Facile Synthesis of Ce-Doped SnO2 Nanoparticles: A Promising Photocatalyst for Hydrogen Evolution and Dyes Degradation

This report discussed the efficient hydrogen generation via water splitting and fast dye degradation pathway using Ce doped SnO2 nanoparticles. One pot synthesis of Ce doped SnO2 nanoparticles was carried out by a simple, convenient wet chemical method using H2O2 and the product obtained was characterized using array of physico-chemical techniques. Powder X-ray diffraction confirmed the presence of rutile phase. Band gap for Ce:SnO2 was found out to be 3.80 eV which is more than the pure SnO2 (3.71 eV) and it is due to Moss-Burstein effect. EDAX analysis and elemental mapping support uniform distribution of 5% Ce and the SEM imaging depicts irregular shape of nanocrystallites.

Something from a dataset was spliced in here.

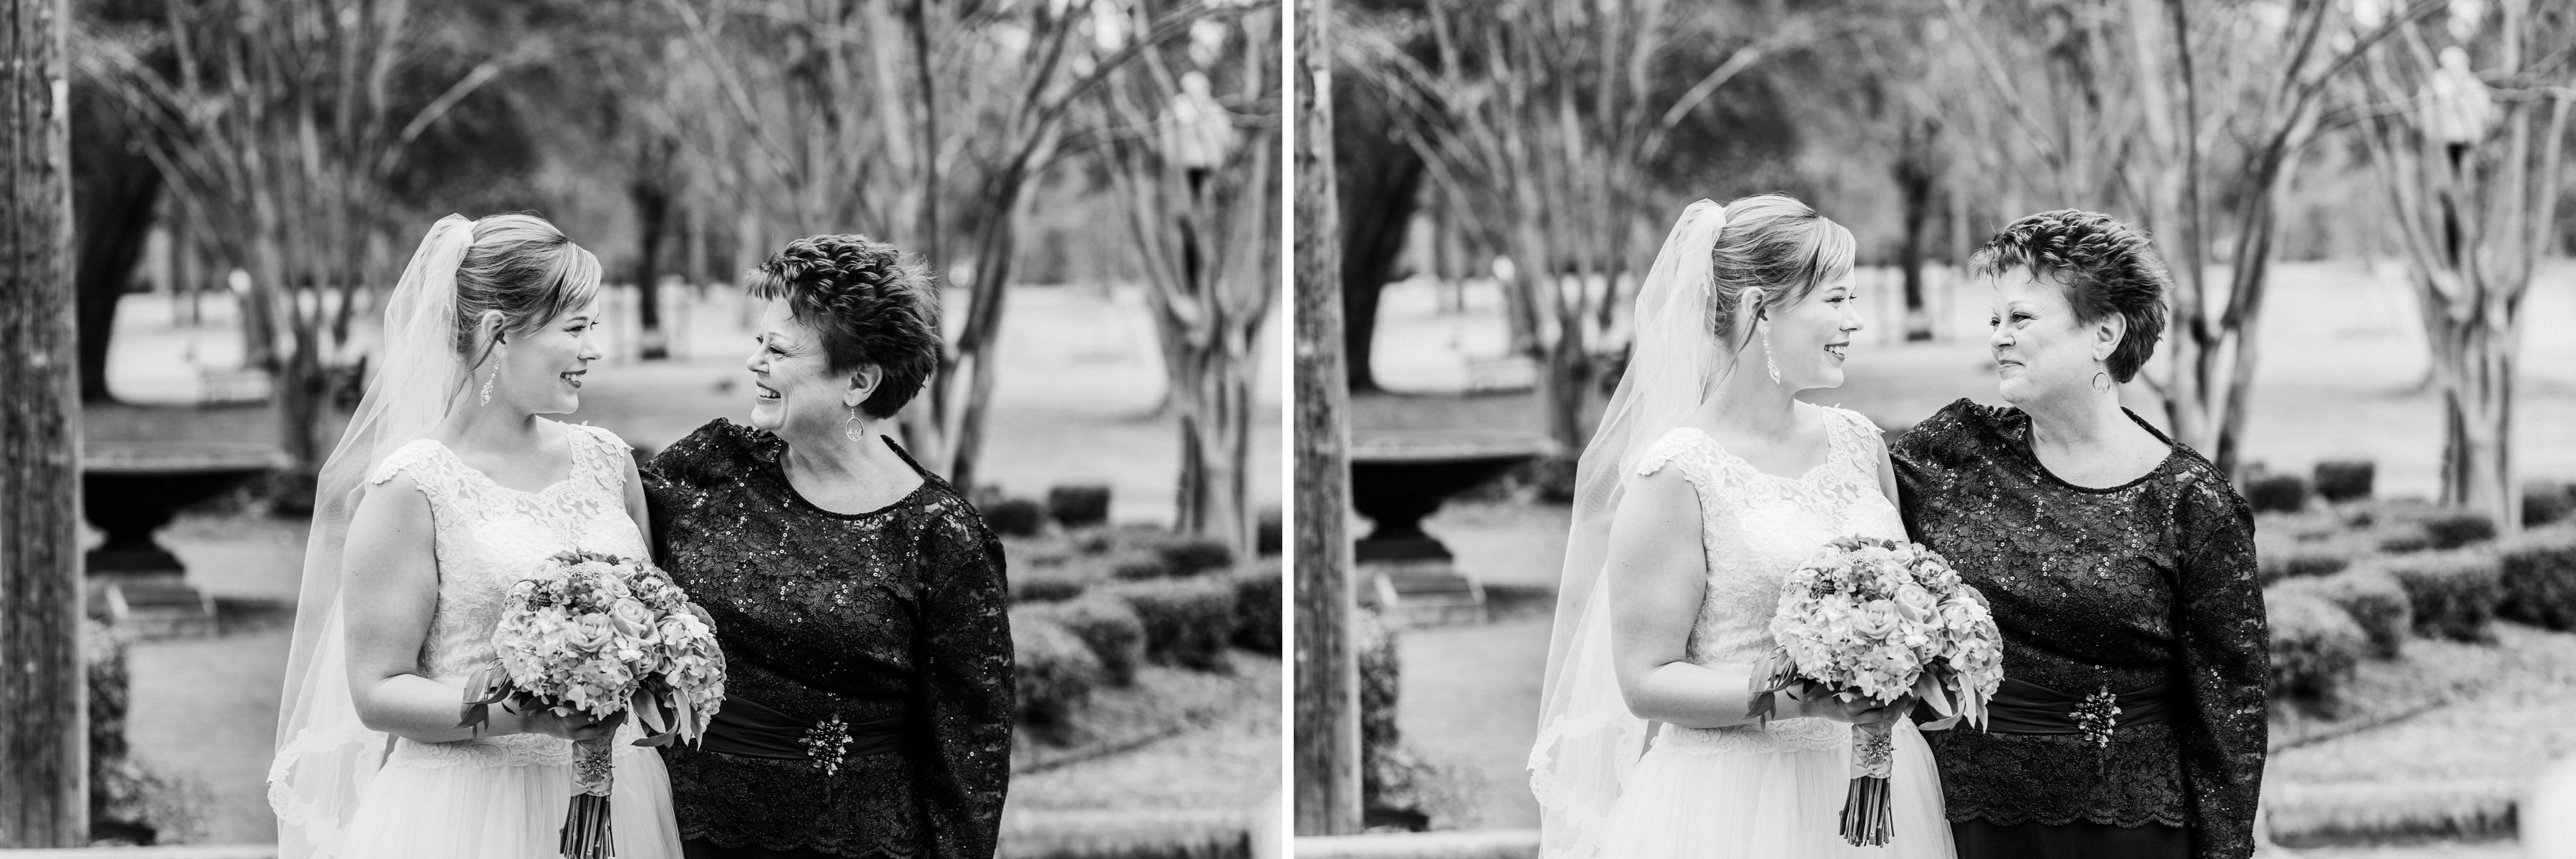 MAULDIN_WEDDING_MONTGOMERY_ALABAMA_WEDDING_PHOTOGRAPHY_39

The doping of 5% Ce into the interstitial and lattice positions of SnO2 nanoparticles was also confirmed by the X-ray photoelectron spectroscopy analysis. Raman measurement and photoluminescence analysis showed the presence of oxygen vacancies and disorderness in the nanoparticles. Photocatalytic water splitting proficiency was investigated using Ce doped SnO2 nanomaterials in the presence of NiO as co-catalyst and other different sacrificial reagents such as methanol, Na2S-Na2SO3, EDTA ions, triethanolamine and in combinations. It was found that the evolution of H-2 is maximum i. e. 25 mu mol/g/h in presence of as-synthesized catalyst, NiO (co-catalyst) along with EDTA and methanol as scavengers under UV light irradiation. Further, the degradation of methylene blue and methyl orange dyes was investigated under UV-Visible irradiation using Ce:SnO2 NPs.